Please don't send me PMs, use email if you want to approach me personally.

  • 1
  • 2
  • 3
  • 4
  • 5
Total votes: 0

Now what would be the best way to omit them? ISR_NAKED it and then how do I deal with those push an pops in C?

Edward

  • 1
  • 2
  • 3
  • 4
  • 5
Total votes: 0

We need to check how this code compiles with GCC 4.3.0, which will be releasing soon (it currently has a release candidate). In 4.3.0, the prologues and epilogues were changed to produce RTL instead of fixed assembly, so it has a chance to be optimized. I'm not saying that it *will* be optimized... but it should tested to see if it will produce any better code.

  • 1
  • 2
  • 3
  • 4
  • 5
Total votes: 0

Quote:
Now what would be the best way to omit them? ISR_NAKED it and then how do I deal with those push an pops in C?
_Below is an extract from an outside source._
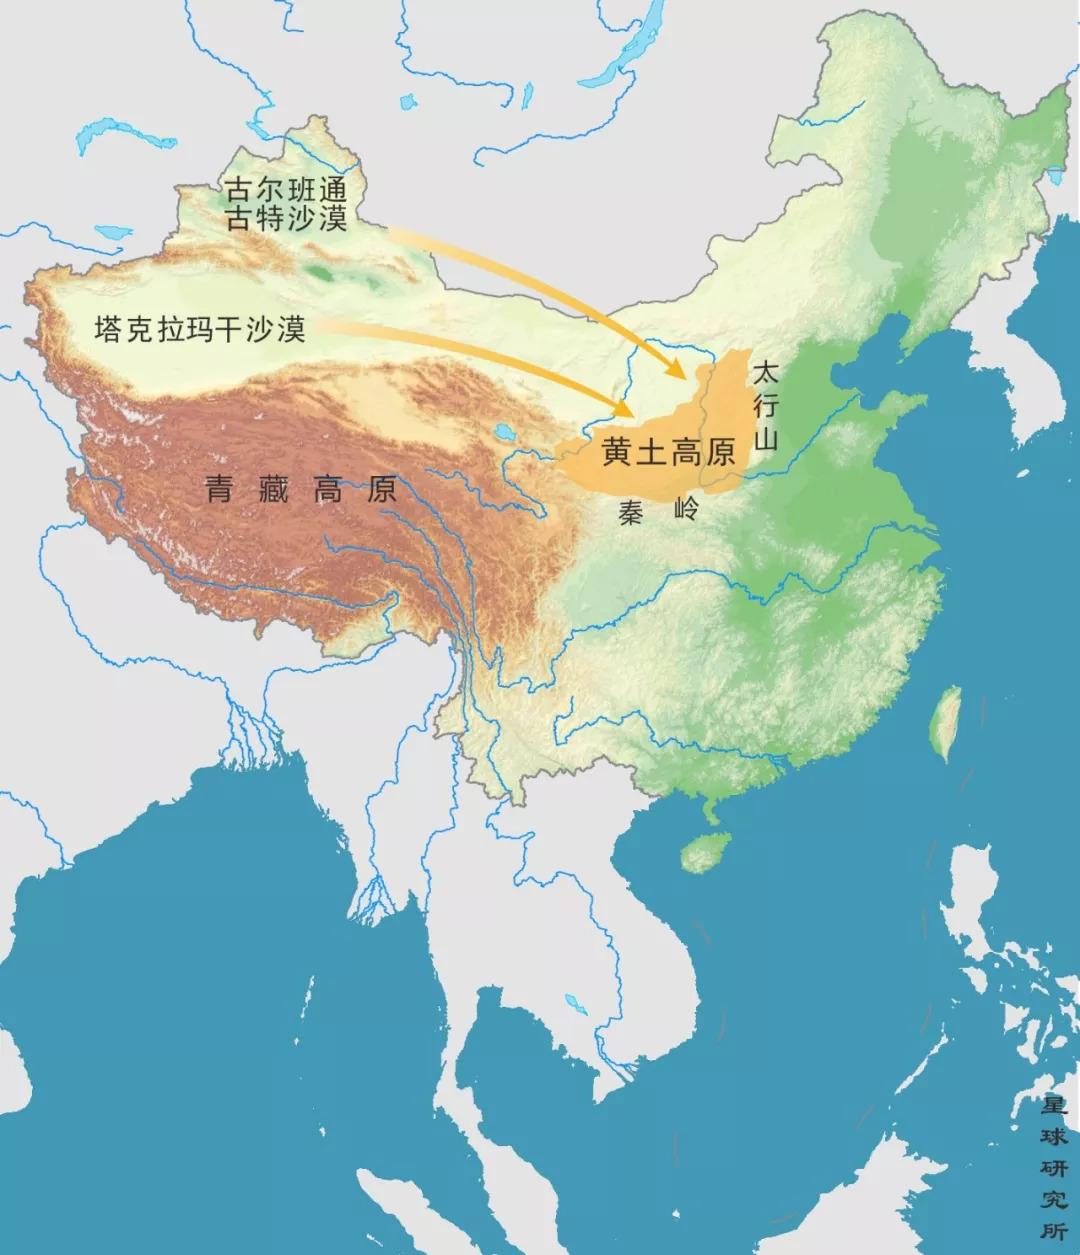 涨知识|中国从哪里来?为何万千山岭,大美山河?图片

asm volatile ("PUSH r24");

etc. perhaps?

Or if it's really precious to you lift the entire ISR and dump it into a .S file - in fact use the above as you starting point then hand optimize it.

Cliff

  • 1
  • 2
  • 3
  • 4
  • 5
Total votes: 0

If you start doing your own pushing and popping, I think you would want to use asm 'only'. If you keep the isr in 'C', how will you know which registers the compiler decided to use? You will have to keep checking it after you compile. I doubt it would change unless you change your isr code, but you then still have to remember to keep checking it every time you change the isr (guess what happens when you forget).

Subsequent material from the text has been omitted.